_What you have to do_. All the data below goes into the copy word for word, but the pictures don't.

_Supplied information_.
- - - - -
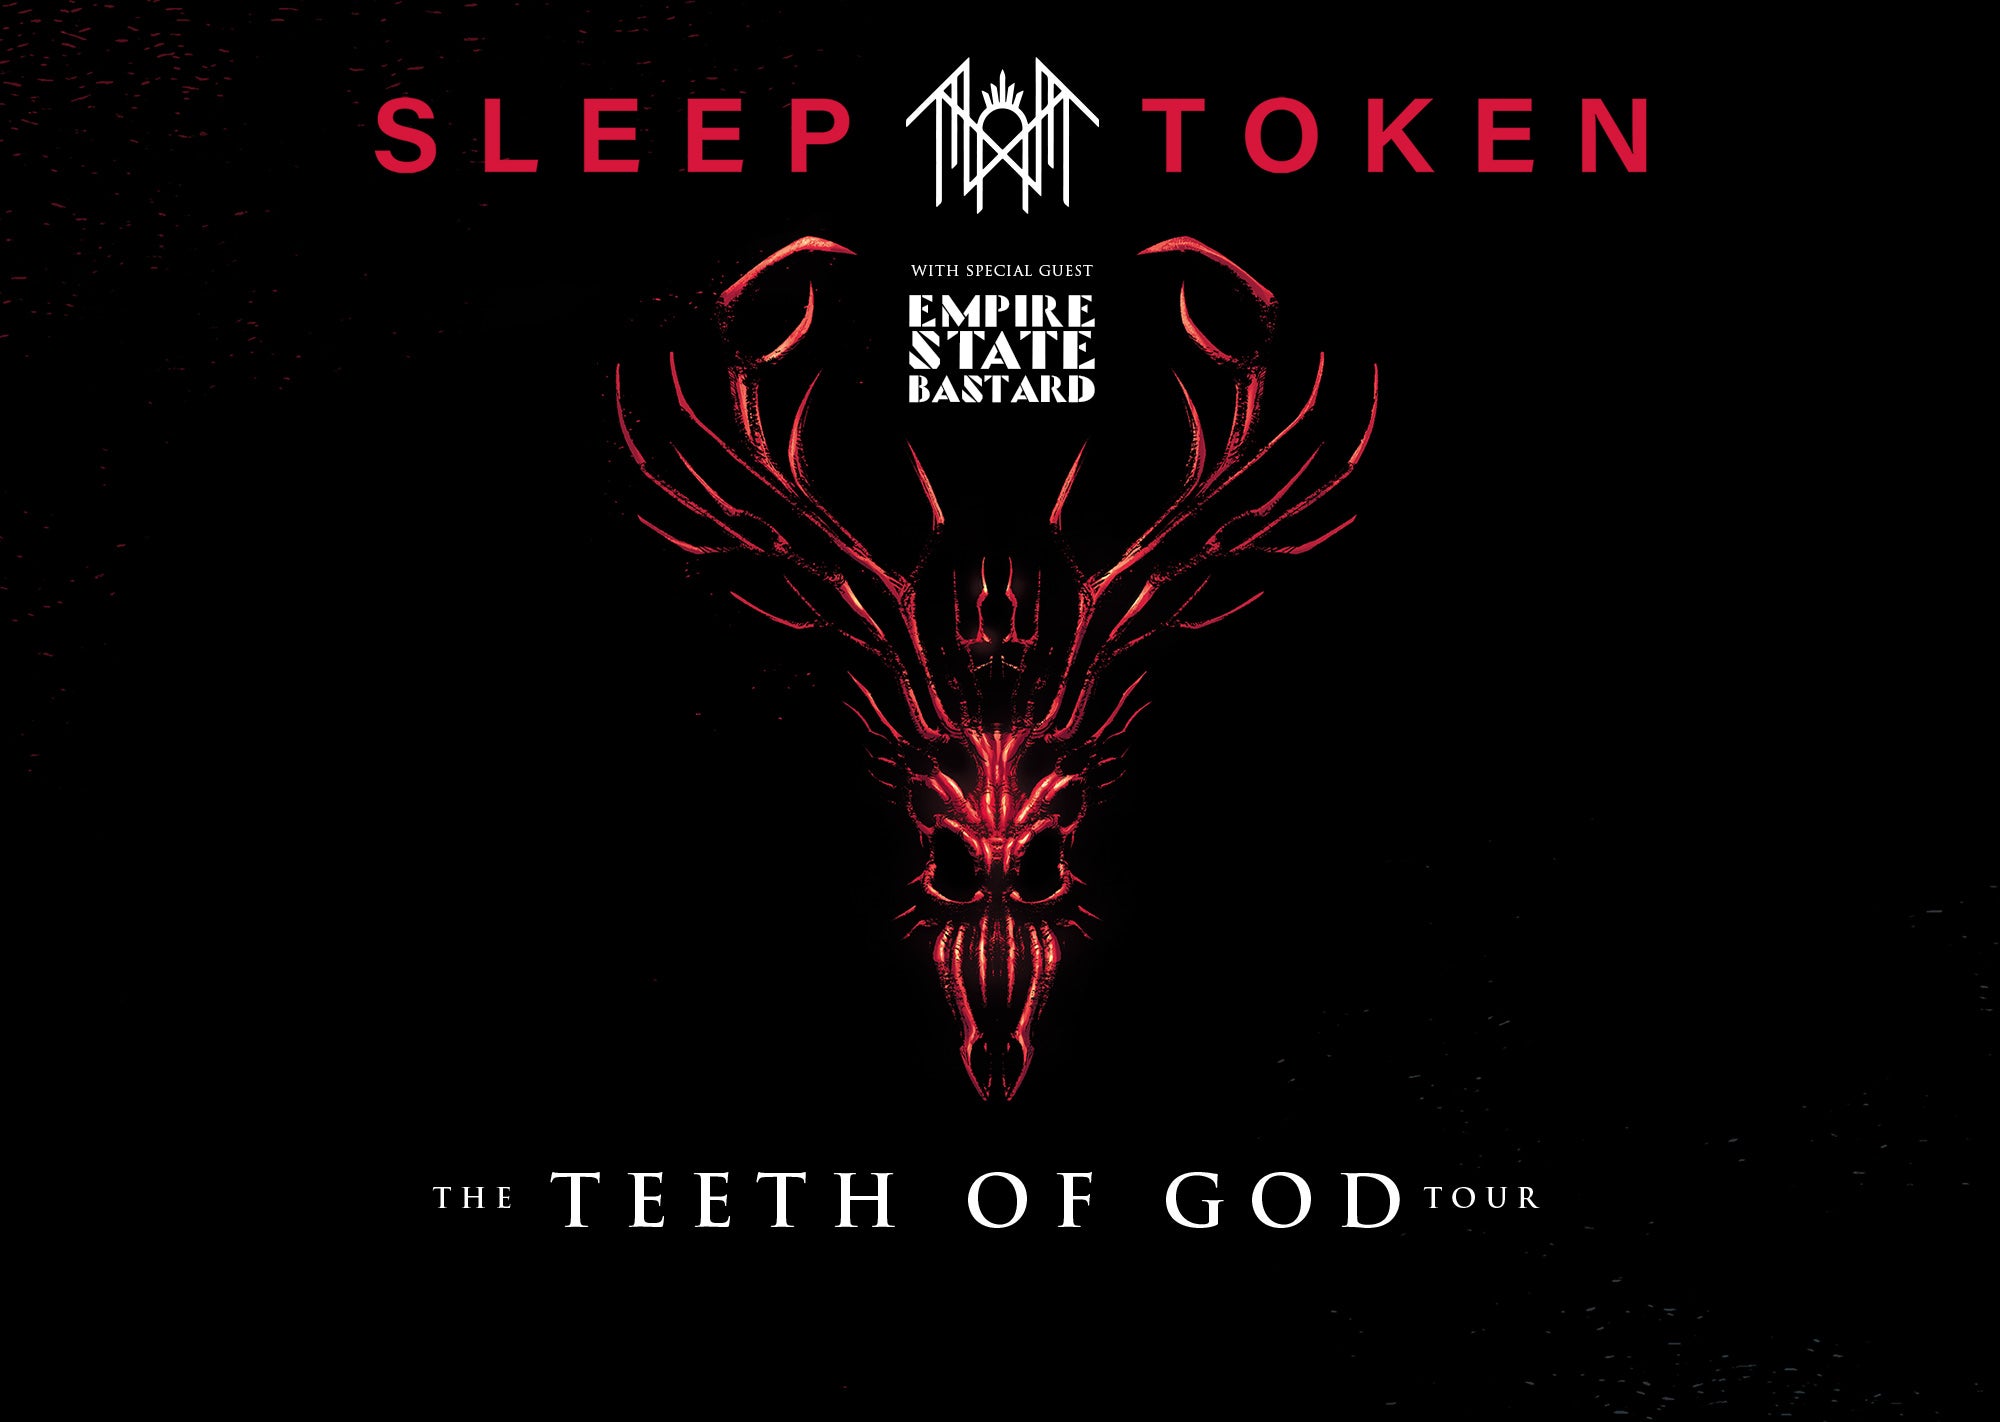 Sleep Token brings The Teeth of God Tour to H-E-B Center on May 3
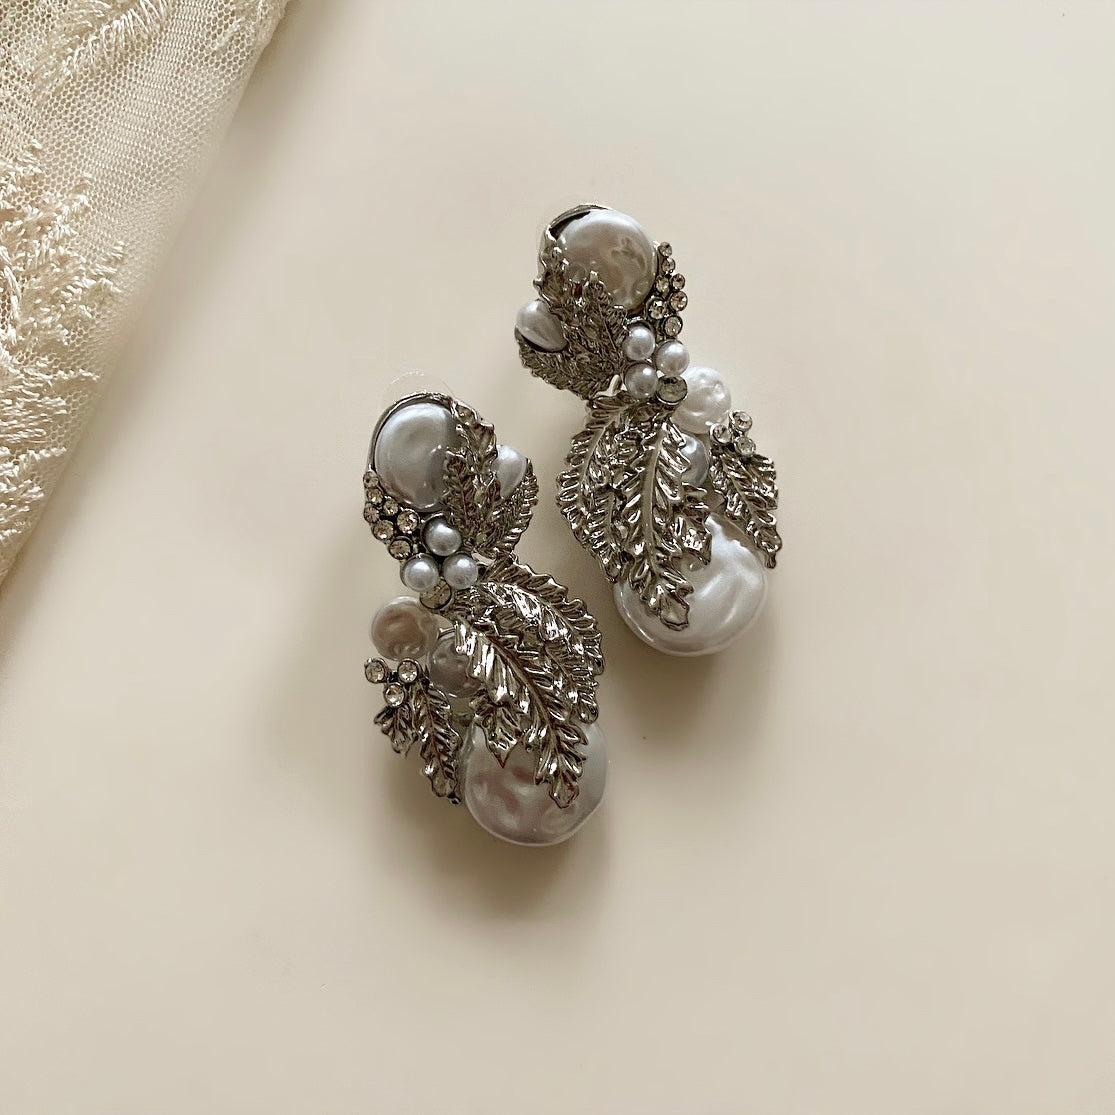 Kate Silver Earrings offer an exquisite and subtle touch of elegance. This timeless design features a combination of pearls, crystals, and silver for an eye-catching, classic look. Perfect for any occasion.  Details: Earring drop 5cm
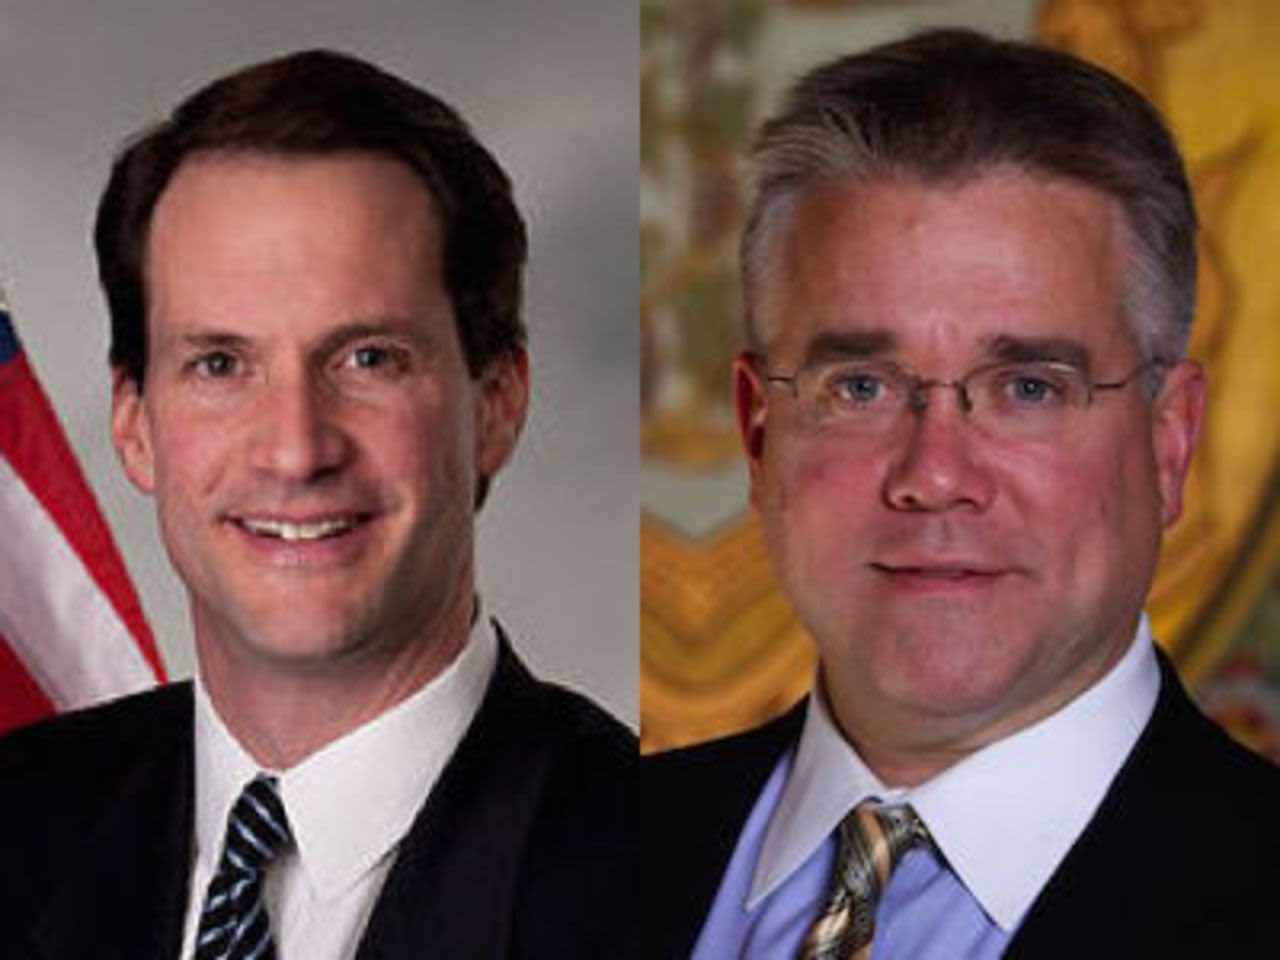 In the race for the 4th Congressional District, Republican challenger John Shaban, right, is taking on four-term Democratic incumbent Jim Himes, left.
- - - - -
_Response_.
 Sleep Token brings The Teeth of God Tour to H-E-B Center on May 3
 Kate Silver Earrings offer an exquisite and subtle touch of elegance. This timeless design features a combination of pearls, crystals, and silver for an eye-catching, classic look. Perfect for any occasion.  Details: Earring drop 5cm
 In the race for the 4th Congressional District, Republican challenger John Shaban, right, is taking on four-term Democratic incumbent Jim Himes, left.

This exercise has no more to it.